IDR | J. Heitz, Ed. |
Internet-Draft | Cisco |
Intended status: Standards Track | J. Snijders, Ed. |
Expires: April 29, 2017 | NTT |
K. Patel | |
Arrcus | |
I. Bagdonas | |
Equinix | |
A. Simpson | |
Nokia | |
N. Hilliard | |
INEX | |
October 26, 2016 |
Large BGP Communities
draft-ietf-idr-large-community-05
This document describes the Large BGP Communities attribute, an extension to BGP-4. This attribute provides a mechanism to signal opaque information within separate namespaces to aid in routing management. The attribute is suitable for use in four-octet ASNs.
The key words "MUST", "MUST NOT", "REQUIRED", "SHALL", "SHALL NOT", "SHOULD", "SHOULD NOT", "RECOMMENDED", "MAY", and "OPTIONAL" in this document are to be interpreted as described in [RFC2119].
This Internet-Draft is submitted in full conformance with the provisions of BCP 78 and BCP 79.

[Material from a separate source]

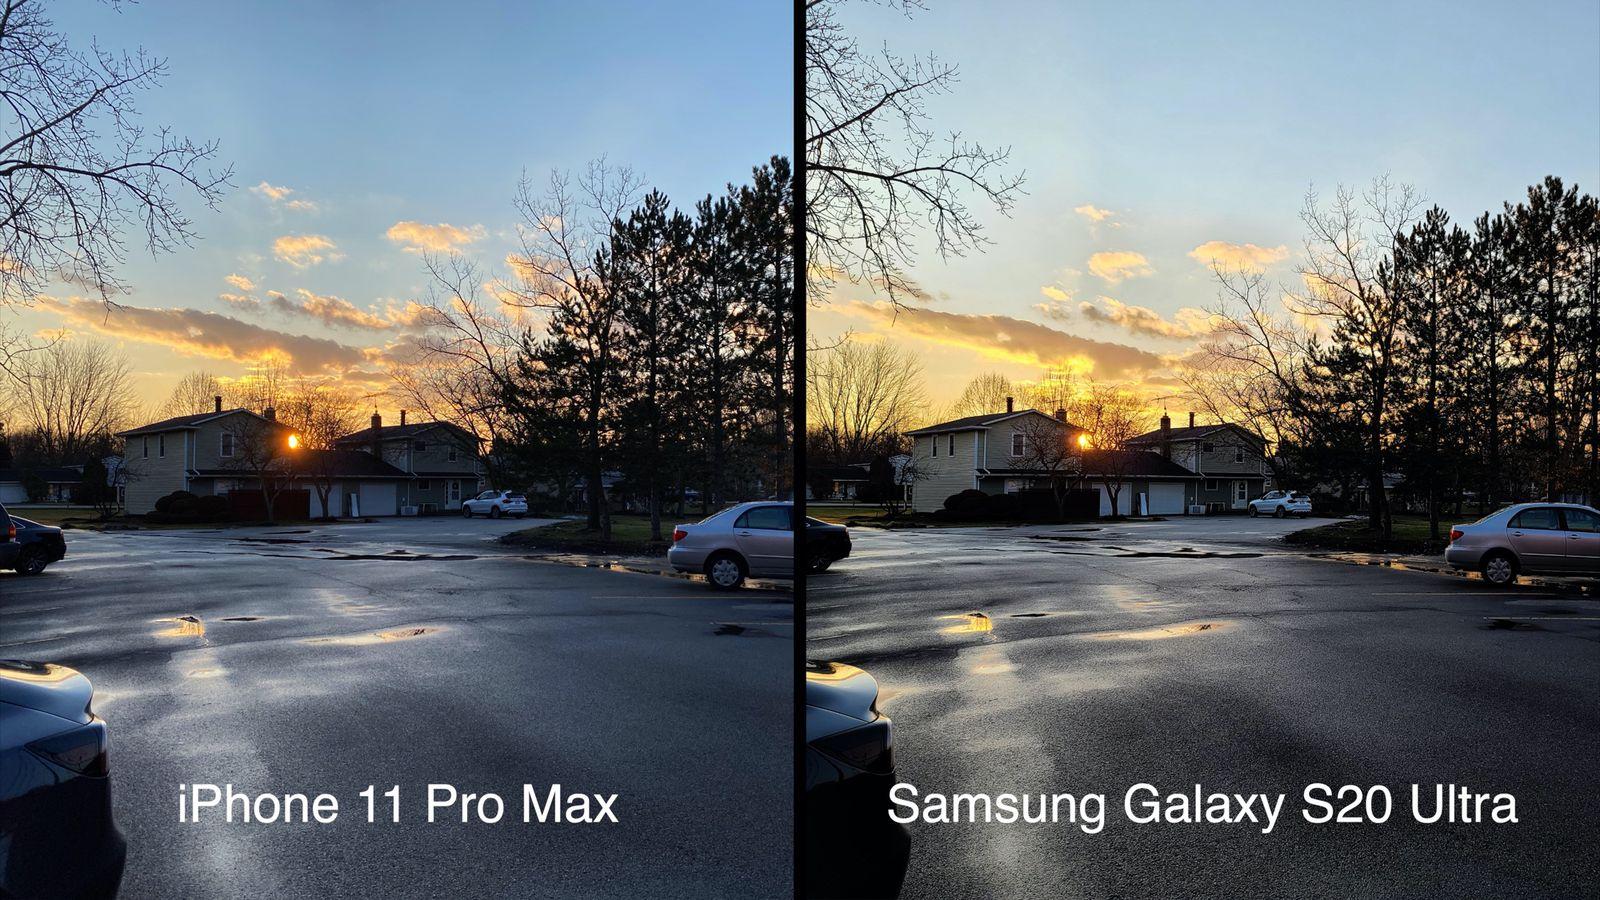 Camera Comparison Iphone 11 Pro Max Vs Samsung Galaxy S20 Ultra Macrumors

Internet-Drafts are working documents of the Internet Engineering Task Force (IETF). Note that other groups may also distribute working documents as Internet-Drafts. The list of current Internet-Drafts is at http://datatracker.ietf.org/drafts/current/.
Internet-Drafts are draft documents valid for a maximum of six months and may be updated, replaced, or obsoleted by other documents at any time. It is inappropriate to use Internet-Drafts as reference material or to cite them other than as "work in progress."
This Internet-Draft will expire on April 29, 2017.
Copyright (c) 2016 IETF Trust and the persons identified as the document authors. All rights reserved.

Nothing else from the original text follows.